3.2. Der Konnektivismus – eine neue Lerntheorie?: Dieses Kapitel stellt den Konnektivismus von George Siemens als netzwerkbasierte Lerntheorie vor, die das digitale Zeitalter widerspiegeln soll.

4. Fazit: Das Fazit fasst die Ergebnisse zusammen und kommt zu dem Schluss, dass die traditionellen Lerntheorien nach wie vor ihre Berechtigung haben und sich verschiedene Perspektiven eher ergänzen, als dass sie durch den Konnektivismus ersetzt werden.

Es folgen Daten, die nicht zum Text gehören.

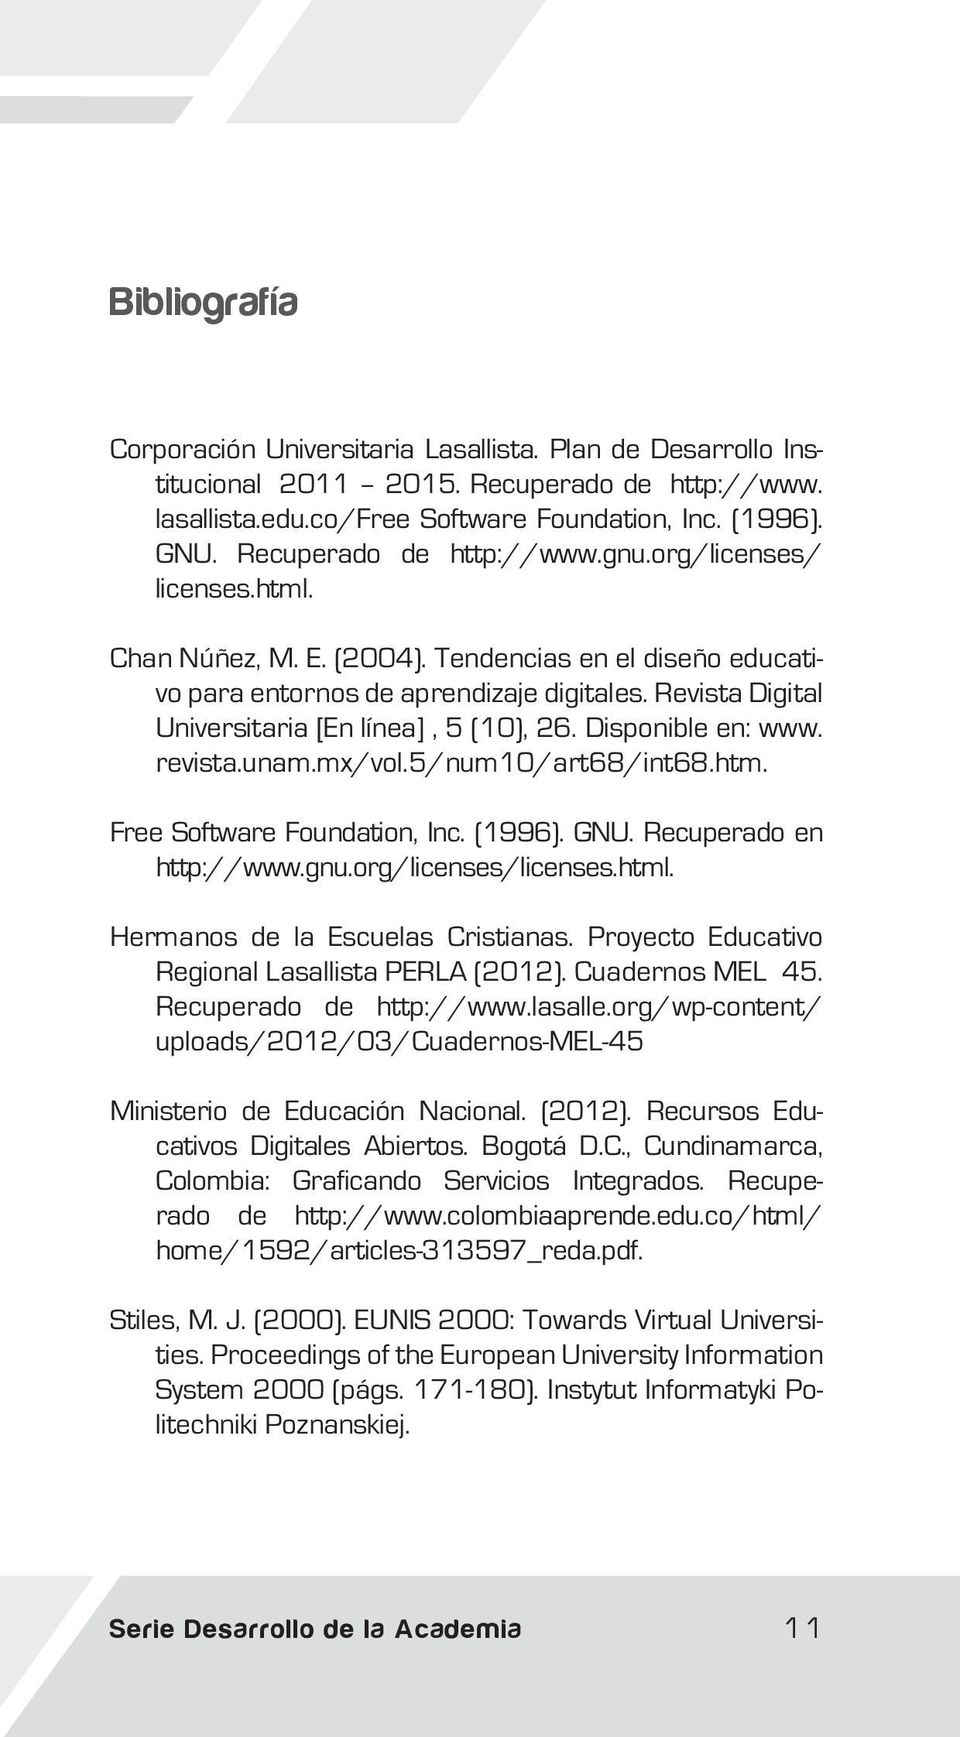 Revista Digital Universitaria [En línea], 5 (10), 26. Disponible en: www. revista.unam.mx/vol.5/num10/art68/int68.htm. Free Software Foundation, Inc. (1996). GNU. Recuperado en http://www.gnu.

5. Literaturverzeichnis: Umfasst alle verwendeten Quellen und Grundlagen der Arbeit.

Schlüsselwörter

E-Learning, Behaviorismus, Kognitivismus, Konstruktivismus, Konnektivismus, Digitalisierung, Wissensverarbeitung, Pädagogik, Medienkompetenz, Lernumgebung, Internet, Wissenskonstruktion, Lehrende, Lernende, Bildungssystem.

Häufig gestellte Fragen

Worum geht es in dieser Arbeit grundsätzlich?

Die Hausarbeit befasst sich mit der Frage, wie das Internet und digitale Medien das Lehren und Lernen in Bildungseinrichtungen beeinflussen und ob klassische Lerntheorien im Zeitalter des E-Learnings noch zeitgemäß sind.

Was sind die zentralen Themenfelder der Arbeit?

Zu den zentralen Themen gehören die psychologischen Lerntheorien (Behaviorismus, Kognitivismus, Konstruktivismus), die Definition von E-Learning sowie der Konnektivismus als neuartige, netzwerkorientierte Lerntheorie.

Was ist das primäre Ziel der Untersuchung?

Das primäre Ziel ist es, herauszufinden, ob und wie traditionelle pädagogische Konzepte in Online-Unterrichtsszenarien fortbestehen oder ob sie durch neue Methoden und Theorien ersetzt werden.

Welche wissenschaftlichen Methoden werden verwendet?

Die Autorin oder der Autor verwendet eine deskriptive und analytische Literaturarbeit, um die Merkmale bestehender Lerntheorien aufzuarbeiten und diese kritisch in den Kontext moderner digitaler Anwendungen zu setzen.

Was wird im Hauptteil der Arbeit behandelt?

Im Hauptteil werden zunächst die drei klassischen Lerntheorien detailliert skizziert, gefolgt von einer Analyse ihrer Anwendung in digitaler Lernsoftware. Abschließend wird der Konnektivismus als Alternative oder Ergänzung kritisch diskutiert.

Durch welche Schlüsselwörter lässt sich die Arbeit charakterisieren?

Die Arbeit lässt sich durch Begriffe wie E-Learning, Lerntheorien, Konstruktivismus, Konnektivismus, Medienkompetenz und digitale Transformation im Bildungswesen beschreiben.

Warum wird der Behaviorismus oft kritisiert, behält aber dennoch seinen Wert?

Trotz der Kritik an einer "passiven" Lernvorstellung und der "Blackbox"-Betrachtung, behält der Behaviorismus seinen Wert für automatisierte Lernprozesse, etwa beim Einüben von spezifischen Fähigkeiten oder Vokabeltraining.

Inwiefern unterscheidet sich der Konnektivismus von den klassischen Theorien?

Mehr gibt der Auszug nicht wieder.